I believe that it is a very good story told as it was to the Liddell children. What it reveals is Carroll’s inability to deal with the changes that capitalism was demanding of all people and places. The fantasy of escape is Wonderland and it might legitimately be asked whether this fantasy is now lost or still present for most of us.

The original is such a landmark work, how far did you have to go to escape its shadow?

Yes, you are right, sometimes when you tackle a pivotal work – well known if not well read – it is good to travel a long way from it. Occasionally I would myself dream of putting Alice next to a piece of gritty social realism (Alice and Kes, for example!) and then I wanted to cast Alice as far, far older than she appears – which I have, to an extent, done.

After all we must all negotiate our dreams, our desires our unhappinesses. How did Alice Hargreaves as she became deal with the burden of “being Alice” – that is of course another play that has already been written!

The idea that we lose our sense of magic as a necessary part of growing up seems pretty sad, is your Alice on a noble mission to reclaim it?

Yes, she is. Enchantment is one of the few resources we have left to stage a kind of resistance to the intoxicating journey of progress or consumption. What is so wonderful about being an adult?

How do we retain our curiosity without succumbing to cynicism as we age?

Yes, this reminds me of an old saying of Clement Atlee, I think:  whoever has not been a socialist when they are young has not lived and whoever is still a socialist when they are old has not grown up!

Of course, there were others like William Morris who got more angry and passionate about the world in which they were living as they grew older. There is a brand of post modern/radical cynicism abroad, but I think it is less dangerous than a kind of historical shopping fever that has gripped Europe and beyond post 1945.

As an adult how do you think you are viewed by older and younger generations?

I have two smallish children and one biggish one. I don’t think they see me as Charles Dodgson incarnate, a story teller yes, but the kind of donnish reverence, thank goodness that is gone. I cannot abide that.

Dodgson really did not like little boys, I have three daughters.  I have no idea how I am viewed as an adult by older generations – in Wales, as in much of the country there were once “proper jobs” so I suspect that me and my projects are viewed with a degree of suspicion and an air mystery.

How have your own views of older and younger people changed over the years?

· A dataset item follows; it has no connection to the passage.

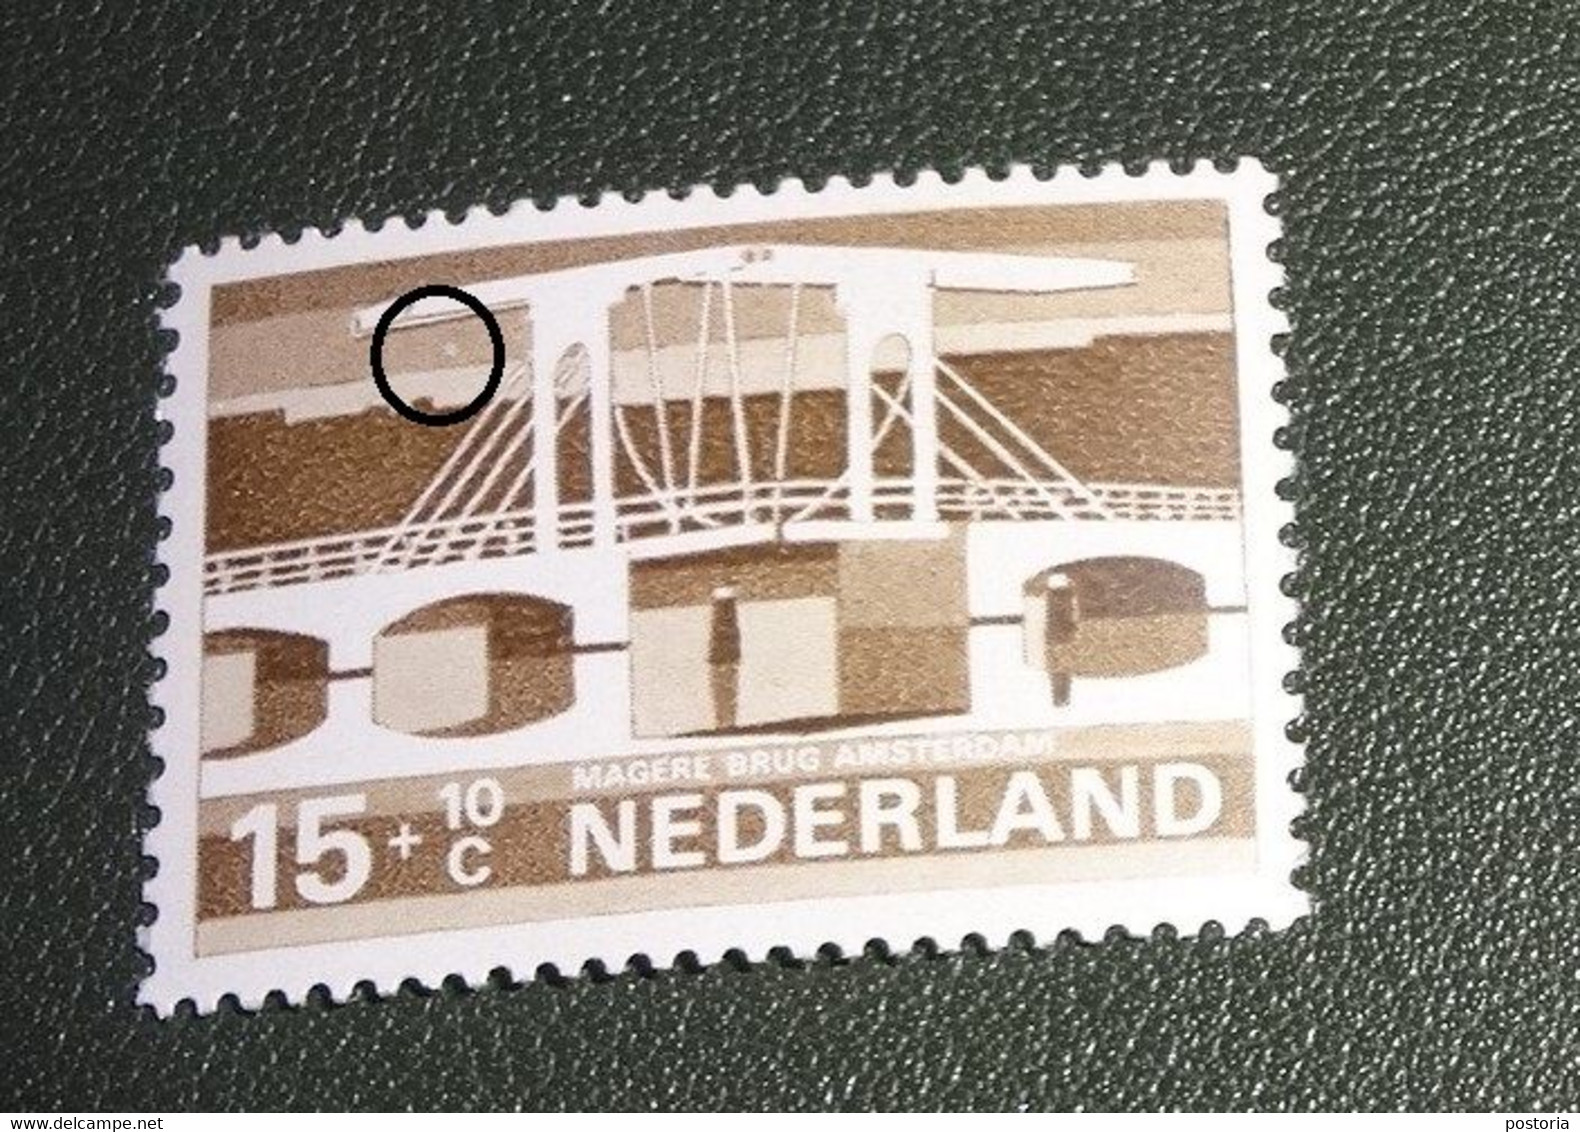 Nederland - MAST - 902 PM - 1968 - Plaatfout - Postfris - Wit Vlekje Onder Ophaalgewicht - Variétés Et Curiosités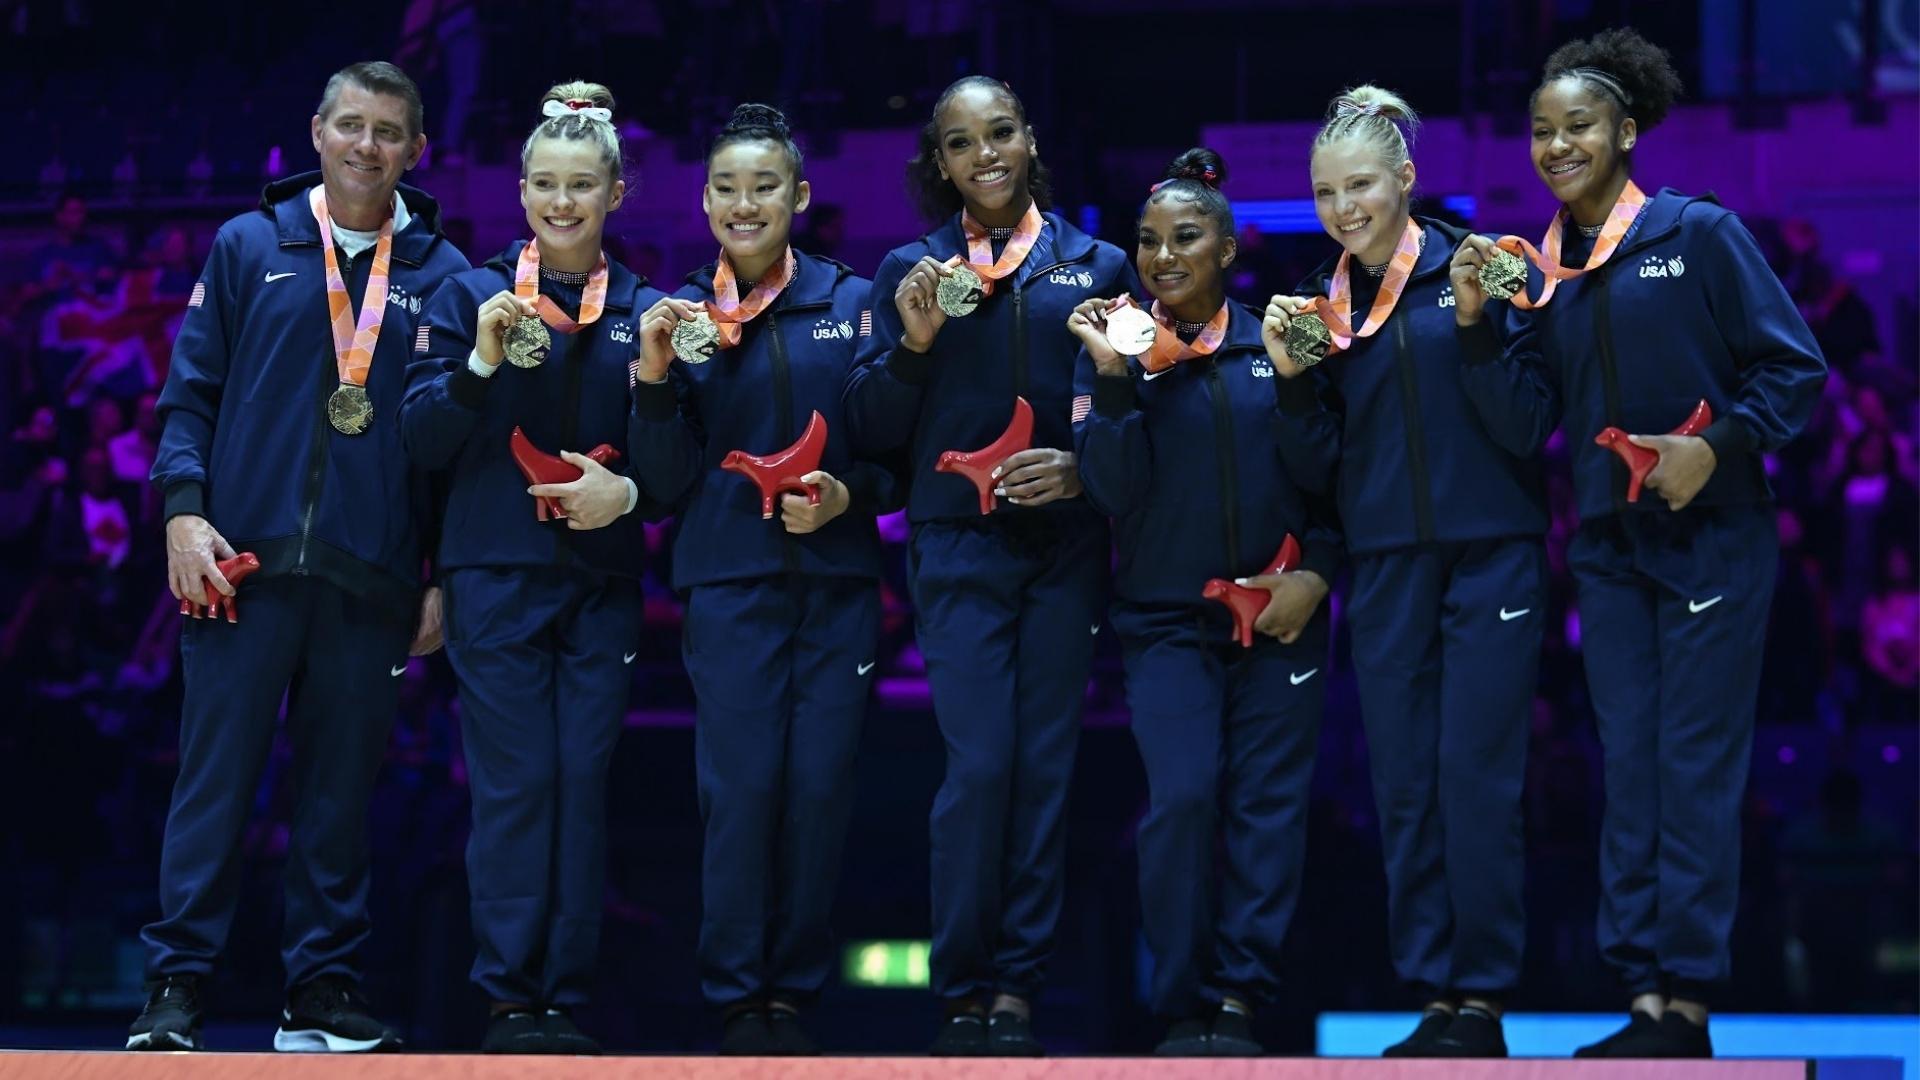 2022 World Gymnastics Championships U.S. women win historic sixth

I spent many years studying people who were old or dead so I like to think I had some sympathy there, although it was not because of their age that I enjoyed their company, but their views. I have somewhere for example a wonderful old tape recording of Michael Foot talking about socialism.

Paul Davies

When you have children it seems to open a conversational door to your childhood and your parents – forwards and backwards if you like – that is very beautiful and very scary. Like Elliot, inspired by Alice slowly there comes into view, “Time present and time past… all part of time future”.

How much is possible?

I like to take, on the one hand something from Fredrick Nietzsche, the will of each of us to count, to not climb back inside the bunker; and on the other, the notion of neighbourliness, to re-imagine ourselves next door, different and maybe even as children (again).

Then there may be something a little better than there is now.